Please transcribe the listing that follows exactly; images are to be excluded.

══ DATA BLOCK ══

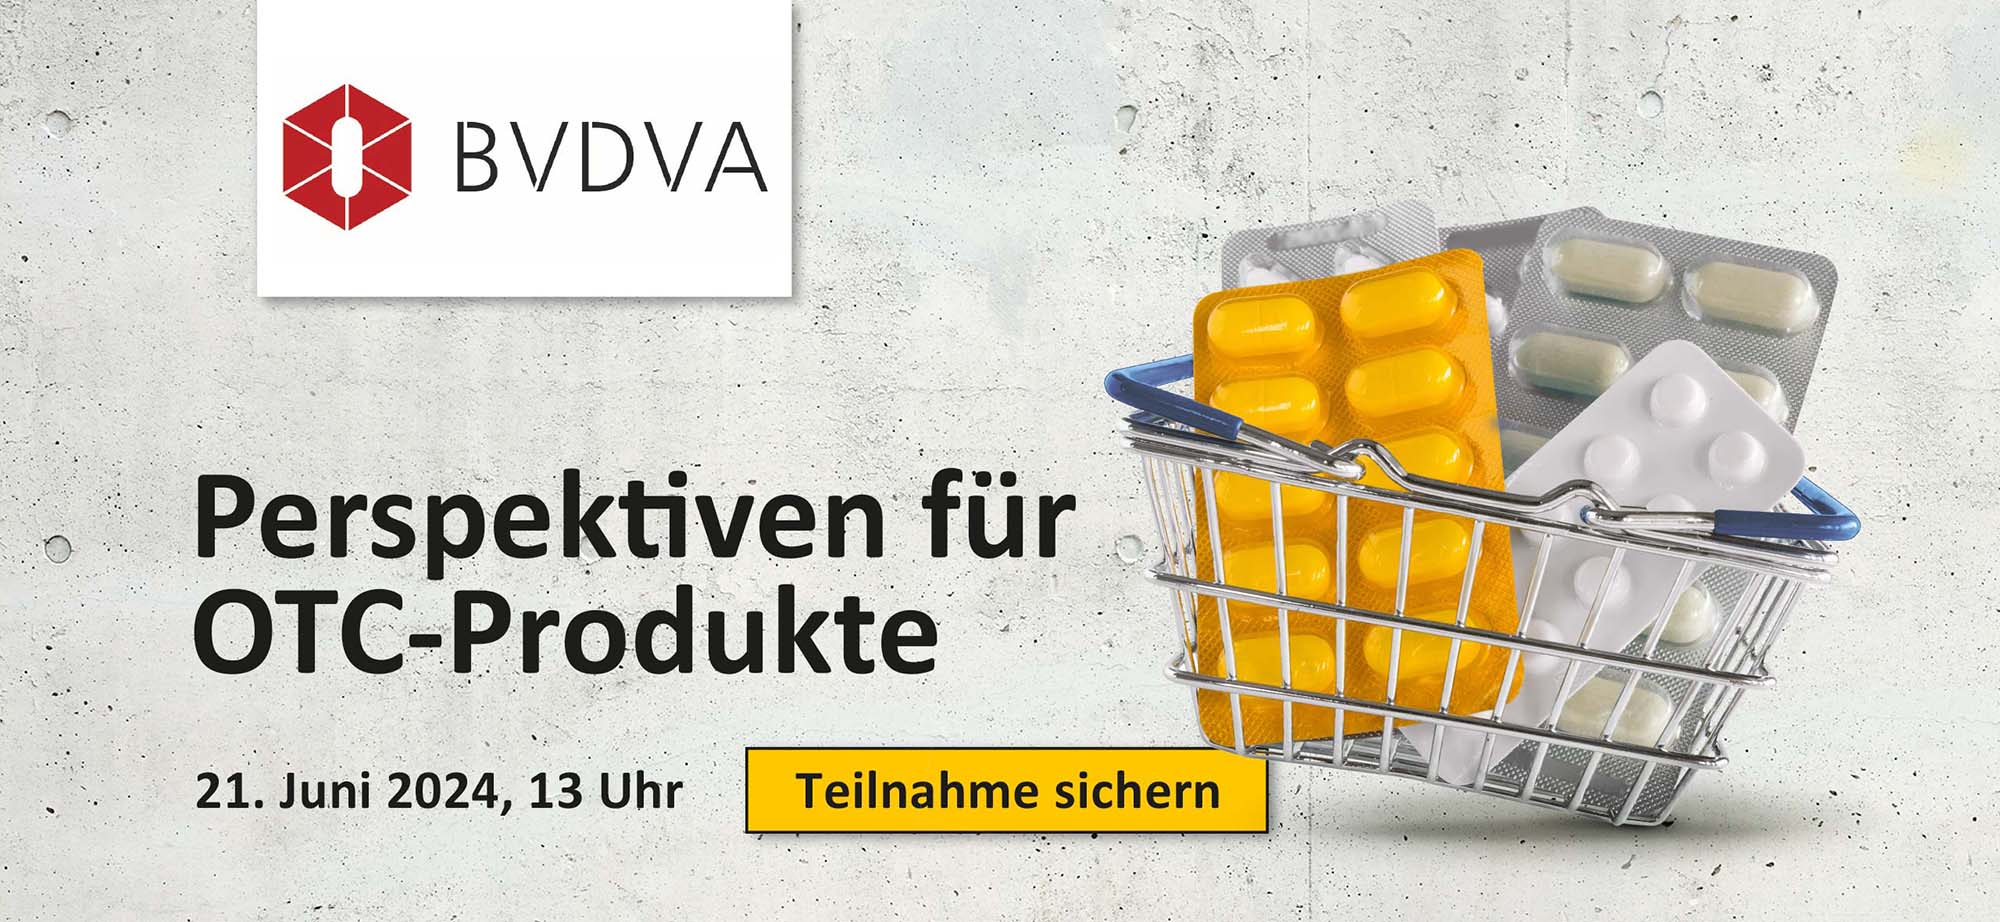 BVDBA - Perspektiven für OTC Produkte. Warenkorb mit Medikamenten und Button Teilnahme sichern.
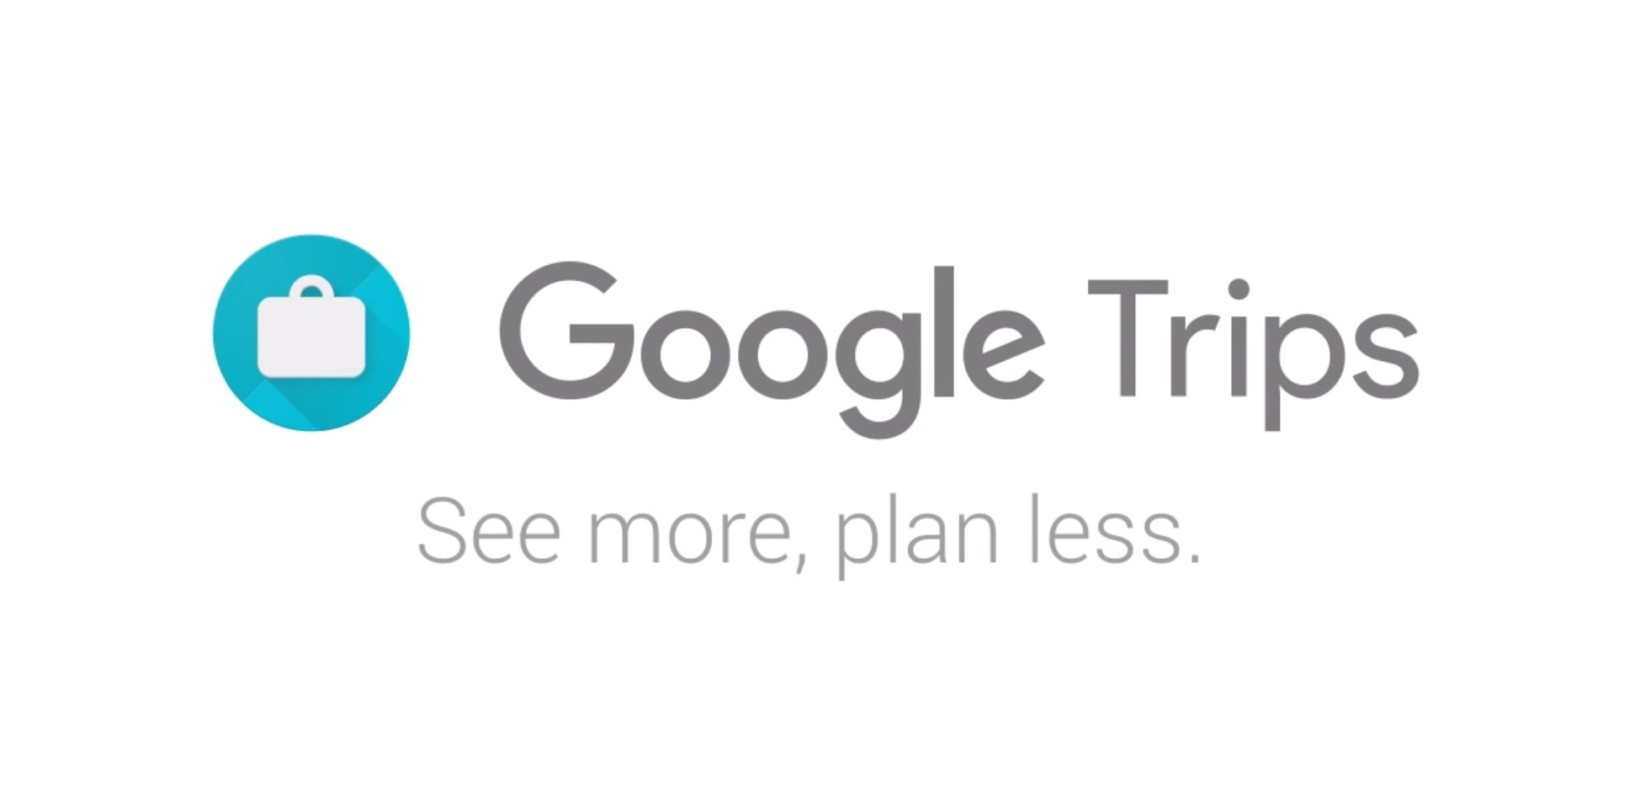 Aplikasi Perjalanan baru Google menghilangkan stres karena merencanakan liburan
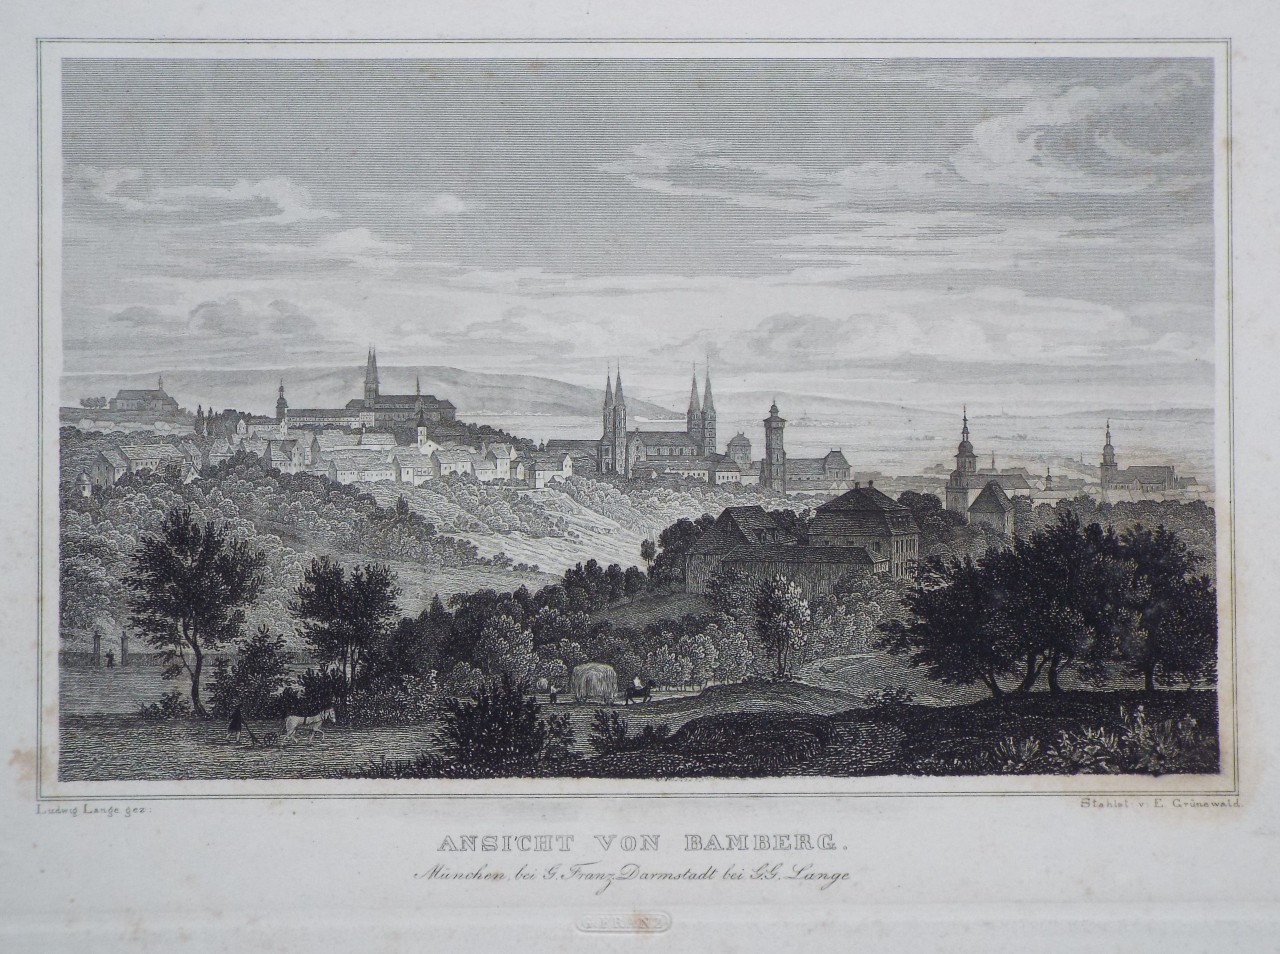 Print - Ansicht von Bamberg. Munchen, bei G. Franz. Darmstadt bei G.G. Lange - Grunewald

═══

**REPLY**
 BVDBA - Perspektiven für OTC Produkte. Warenkorb mit Medikamenten und Button Teilnahme sichern.
 Aplikasi Perjalanan baru Google menghilangkan stres karena merencanakan liburan
 Print - Ansicht von Bamberg. Munchen, bei G. Franz. Darmstadt bei G.G. Lange - Grunewald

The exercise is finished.